Along with all the great prizes and cash. Red Bull girls will be handing out free cans of Red Bull, shirts and Decals.


----------



## swiffer (Dec 5, 2008)

$2000 first place payout!!!!!


----------



## swiffer (Dec 5, 2008)

For anyone needing a hotel, the host Hotel is

Travelodge Calgary South
9206 Macleod Trail South 
403-253-7070
Selected rooms are $89 per night

The info is on the website now


----------



## swiffer (Dec 5, 2008)

There is only one month until the shoot. Please pre register asap!!!!
www.westerncup.blogspot.com
or email
[email protected]


----------



## Brad HT (Dec 9, 2006)

Man that looks fantastic...! Dang, why cant they pull something off like that around here...

B~


----------



## swiffer (Dec 5, 2008)

Three weeks till the shoot!!!! You wont want to miss this one.

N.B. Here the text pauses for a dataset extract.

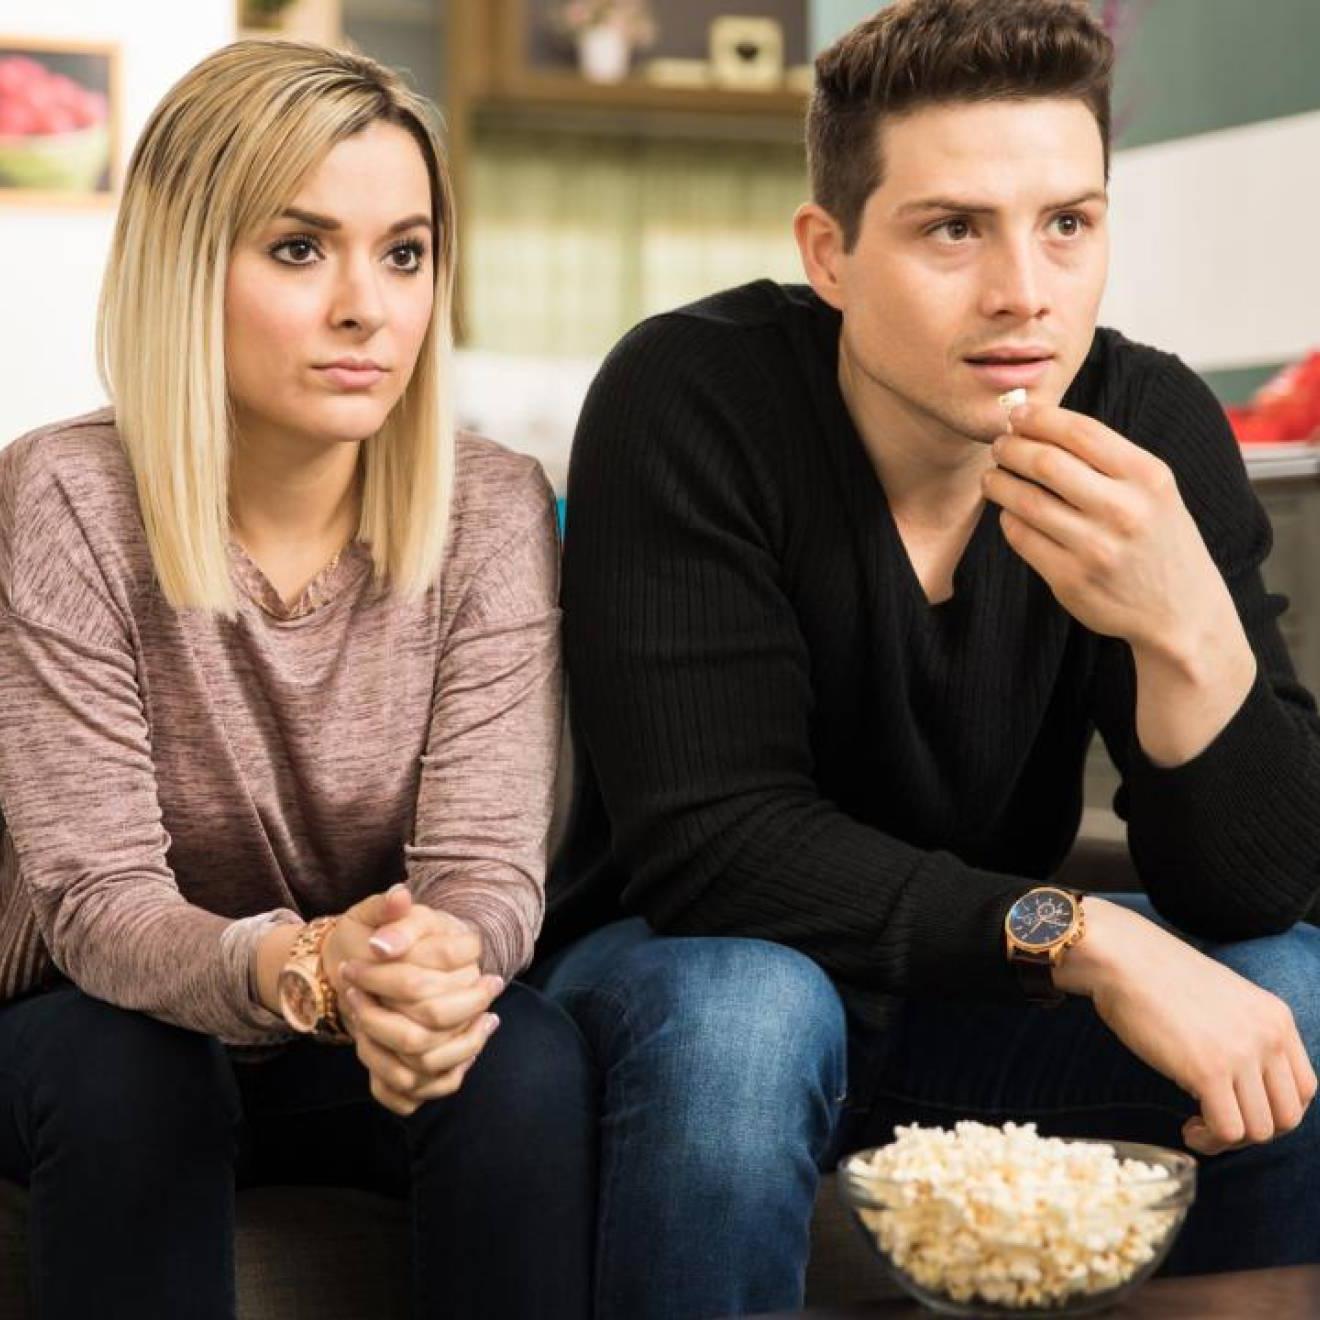 A white man and a white woman watching TV together, looking somber

Free Pizza dinner by CoCo Brooks Pizza, RED BULL WING GIRLS will be handing out free drinks etc on saturday!!!!!Plus $$$$$$ and tons of great prizes.


----------



## archerpap (Apr 24, 2006)

FITA field or all marked NFAA yardages?


----------



## swiffer (Dec 5, 2008)

Its a Marked coarse shooting the Fita format


----------



## swiffer (Dec 5, 2008)

The shoot has been POSTPONED. The new dates are July 14 & 15
The coarse has major flooding right now!


----------